Beyond the demands of the law and military efficiency, the integration of the armed forces was also influenced by certain individuals within the military establishment who personified America's awakening social conscience. They led the services along the road toward integration not because the law demanded it, nor because activists clamored for it, nor even because military efficiency required it, but because they believed it was right. Complementing the work of these men and women was the opinion of the American serviceman himself. Between 1940 and 1965 his attitude toward change was constantly discussed and predicted but only rarely solicited by senior officials. Actually his opinion at that time is still largely unknown; documentary evidence is scarce, and his recollections, influenced as they are by the intervening years of the civil rights movement, are unreliable. Yet it was clearly the serviceman's generally quiet acceptance of new social practices, particularly those of the early 1950's, that ratified the services' racial reforms. As a perceptive critic of the nation's racial history described conditions in the services in 1962:
There was a rising tide of tolerance around the nation at that time. I was thrilled to see it working in the services. Whether officers were working for it or not it existed. From time to time you would find an officer imbued with the desire to improve race relations.... It was a marvel to me, in contrast to my recent investigations in the South, to see how well integration worked in the services.[24-4]
Indeed, it could be argued, American servicemen of the 1950's became a positive if indirect cause of racial change. By demonstrating that large numbers of blacks and whites could work and live together, they destroyed a fundamental argument of the opponents of integration and made further reforms possible if not imperative.

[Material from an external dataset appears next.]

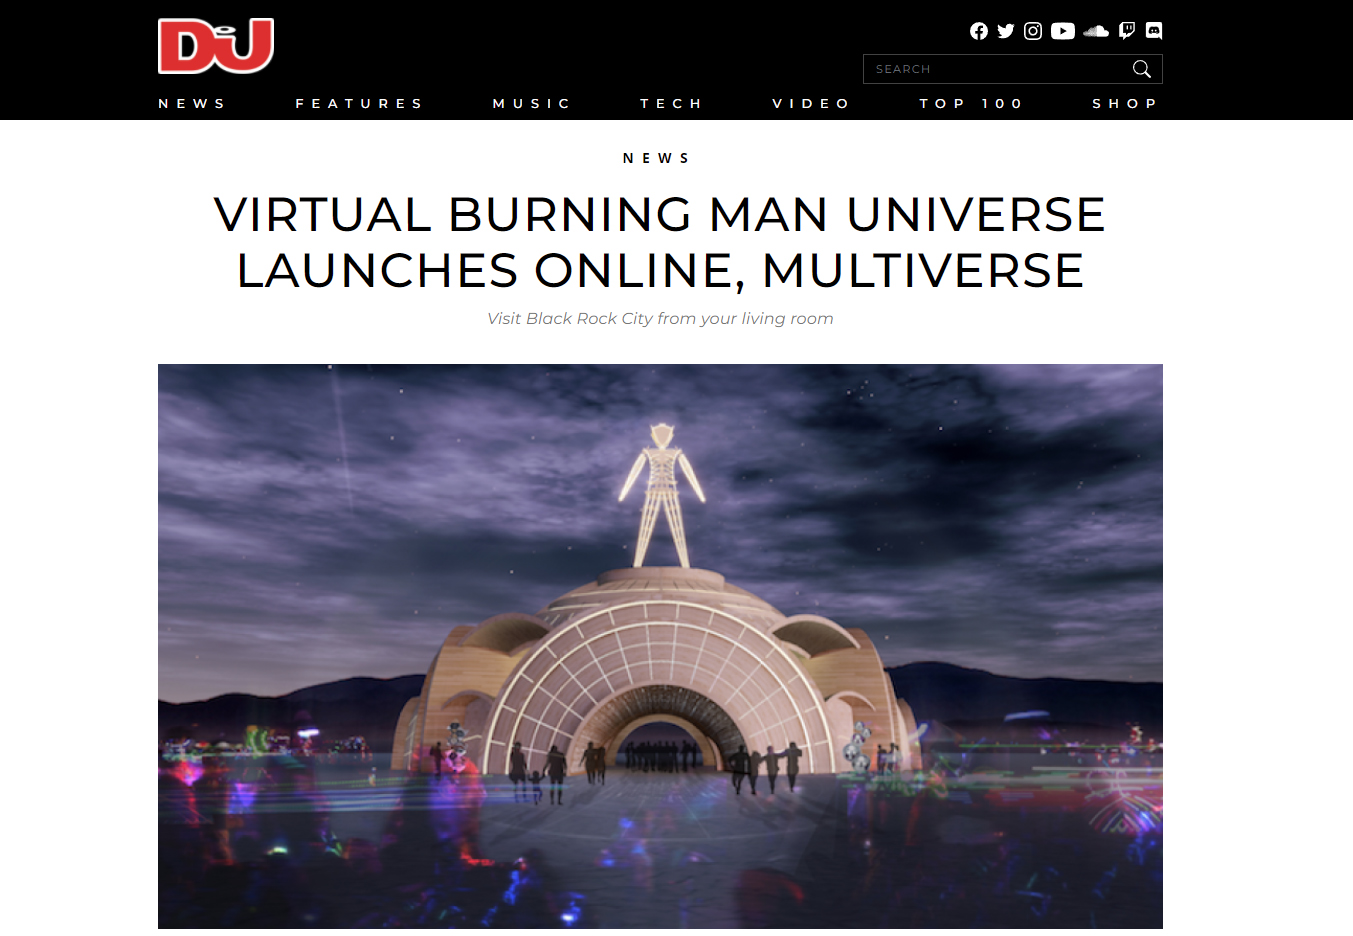 Multiverse in Burning Man Journal

How the Services Integrated, 1946-1954
The interaction of all these factors can be seen when equal treatment and opportunity in the armed forces is considered in two distinct phases, the first culminating in the integration of all active military units in 1954, the second centering around the decision in 1963 to push for equal opportunity for black servicemen outside the gates of the military base.[24-5]
The Navy was the acknowledged pioneer in integration. Its decision during World War II to assign black and white sailors to certain ships was not entirely a response to pressures from civil rights advocates, although Secretary James Forrestal relied on his friends in the Urban League, particularly Lester Granger, to teach him the techniques of integrating a large organization. Nor was the decision solely the work of racial reformers in the Bureau of Naval Personnel, although this small group was undoubtedly responsible for drafting the regulations that governed the changes in the wartime Navy. Rather, the Navy began integrating its general service because segregation proved painfully inefficient. The decision was largely the result of the impersonal operation of the 1940 draft law. Although imperfectly applied during the war, the anti-discrimination provision of that law produced a massive infusion of black inductees. The Army, with its larger manpower base and expandable black units, could evade the implications of a nondiscrimination clause, but the sheer presence of large numbers of Negroes in the service, more than any other force, breached the walls of segregation in the Navy.